(Data for this exercise)
++++++

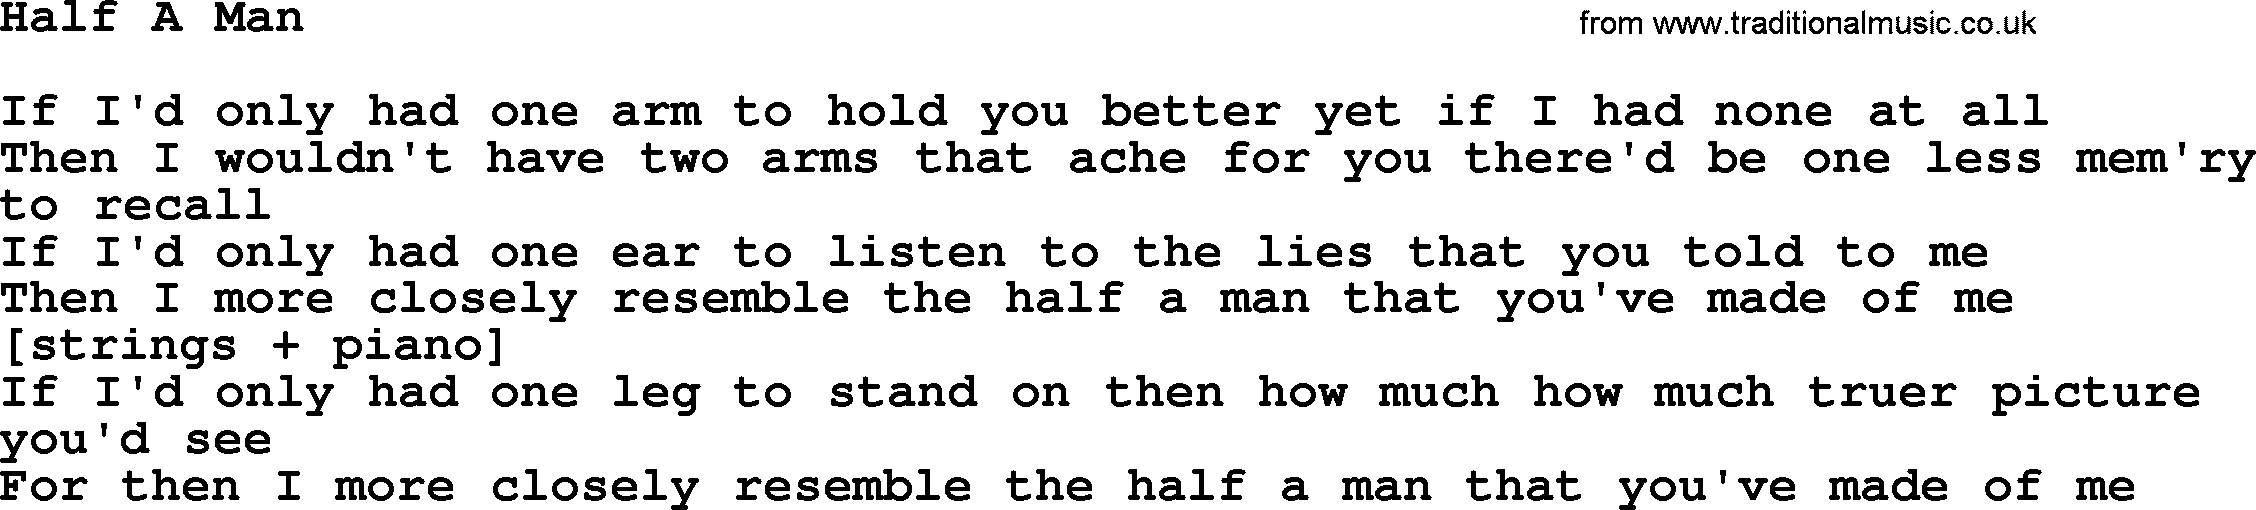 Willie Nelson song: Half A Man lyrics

++++++

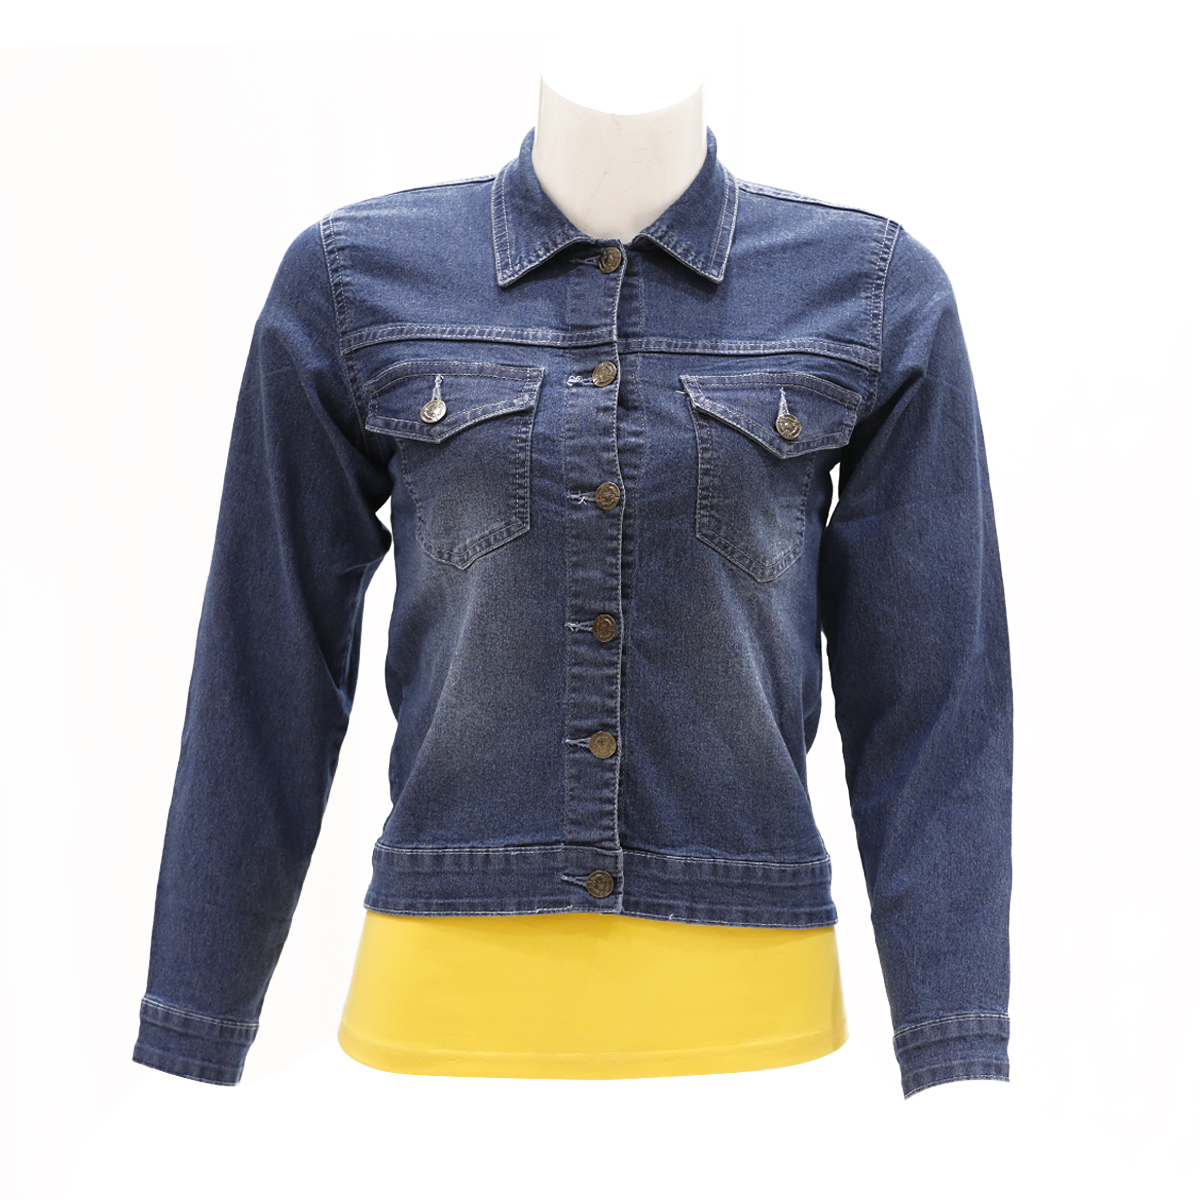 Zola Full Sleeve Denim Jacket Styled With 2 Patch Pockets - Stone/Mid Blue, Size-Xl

++++++

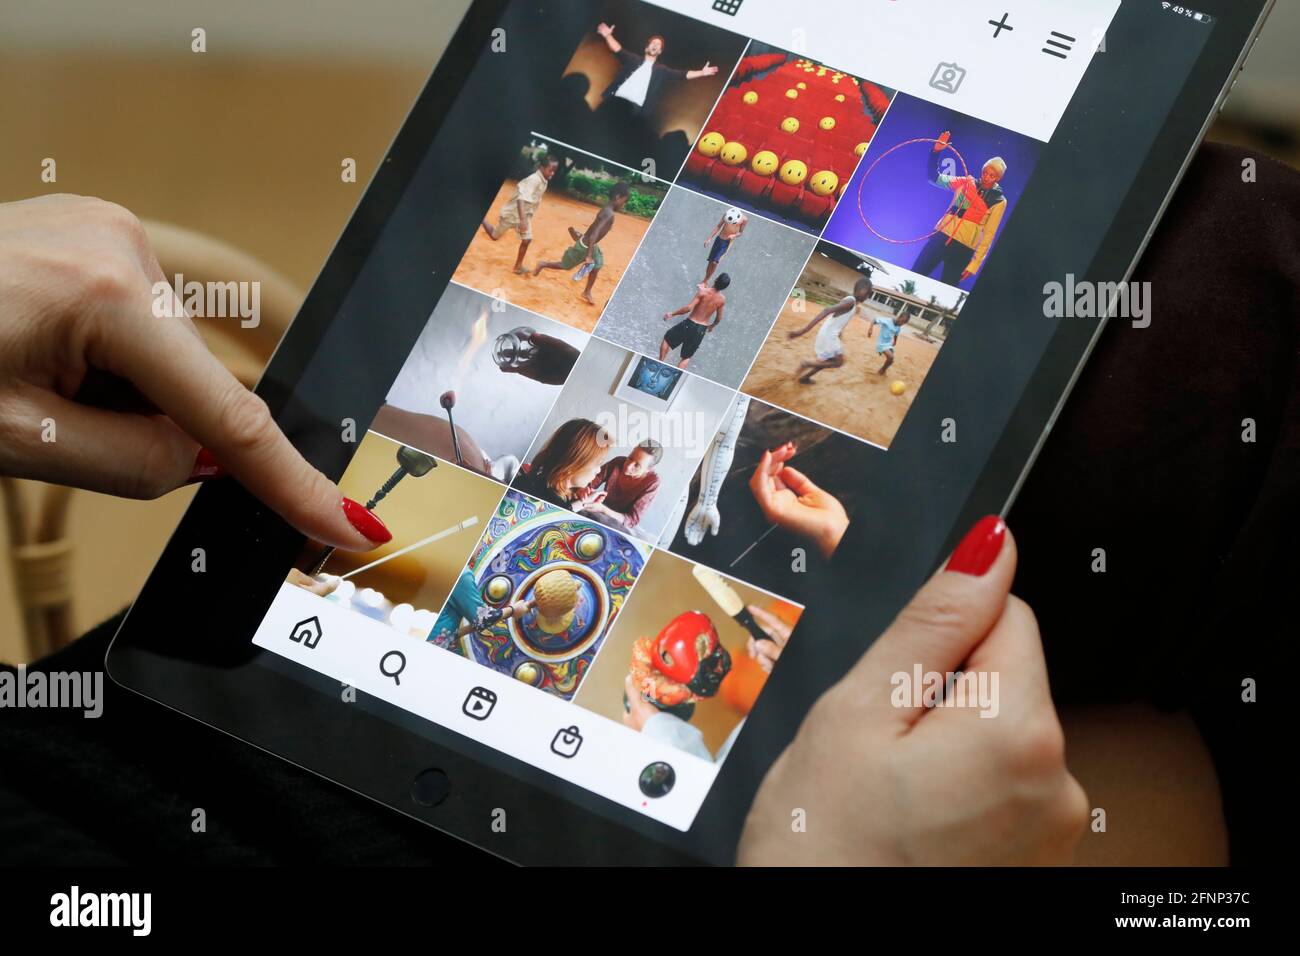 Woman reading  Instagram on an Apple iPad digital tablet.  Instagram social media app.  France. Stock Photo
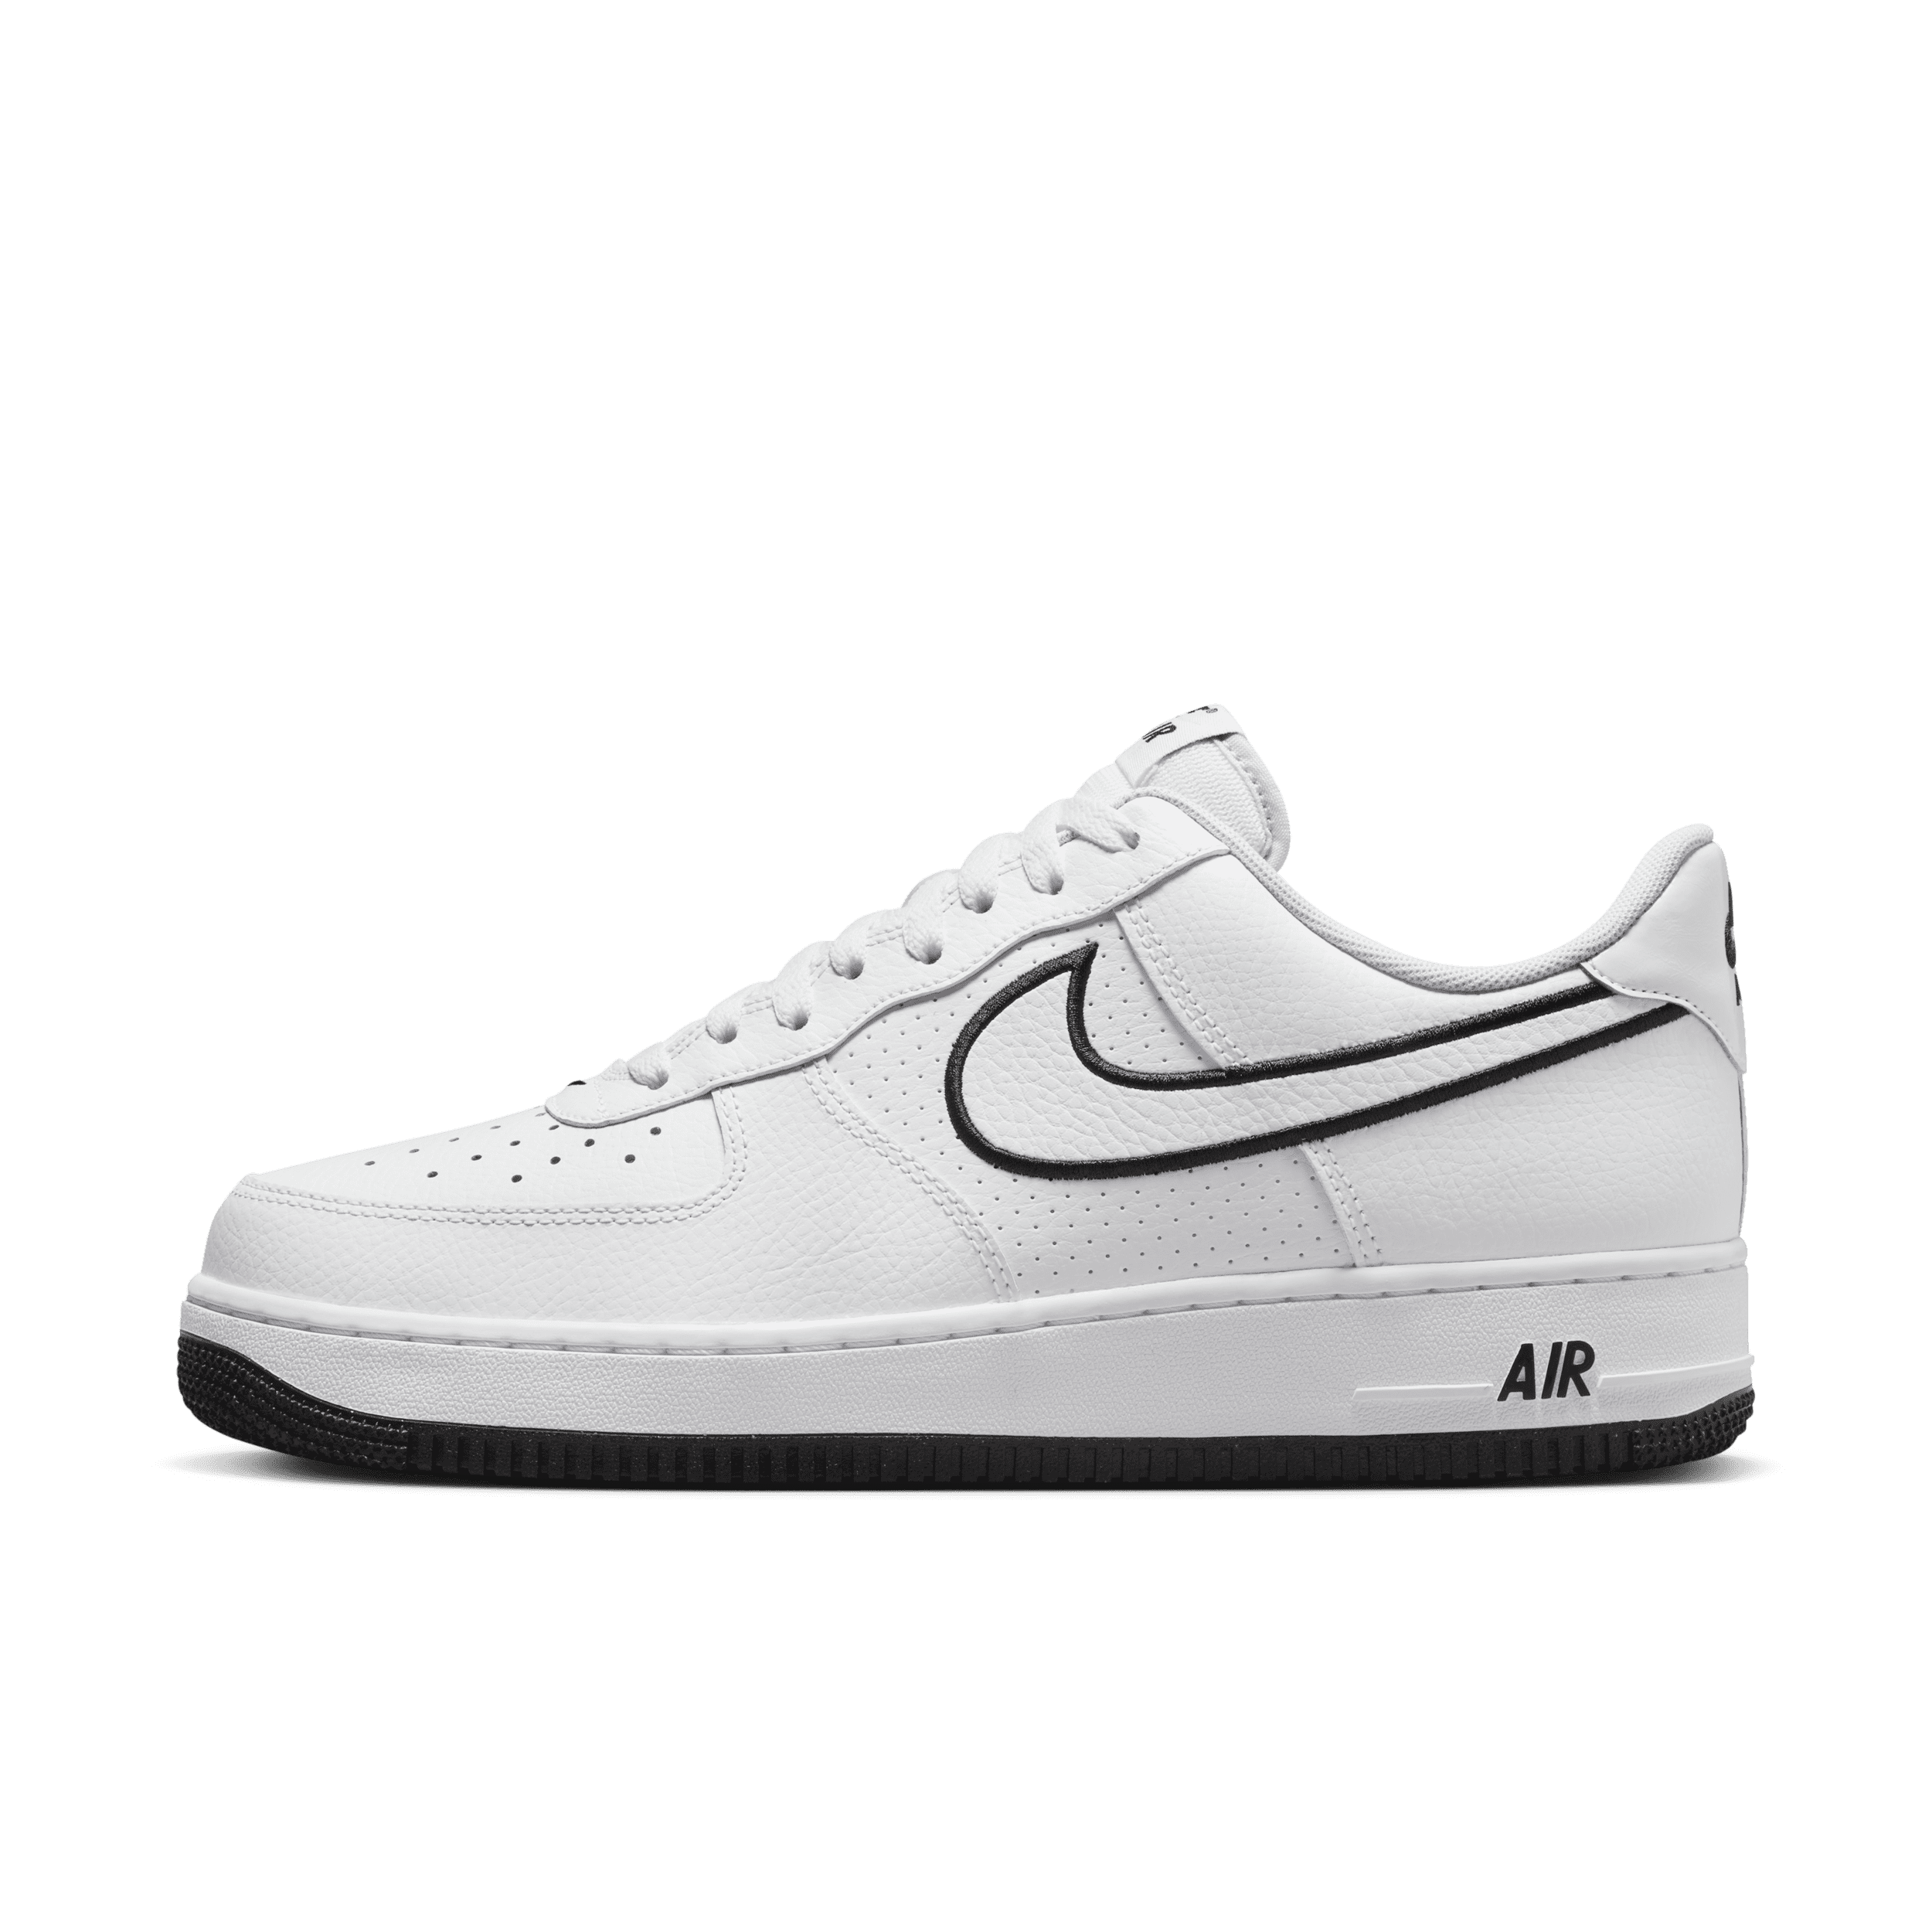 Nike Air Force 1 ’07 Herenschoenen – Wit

++++++

(What needs to be done)
Output exactly the lines above, from the line with "France. Stock Photo" to the line with "Nike Air Force 1 ’07 Herenschoenen – Wit", both included; skip the pictures.

(Answer below)
 Woman reading  Instagram on an Apple iPad digital tablet.  Instagram social media app.  France. Stock Photo
 Nike Air Force 1 ’07 Herenschoenen – Wit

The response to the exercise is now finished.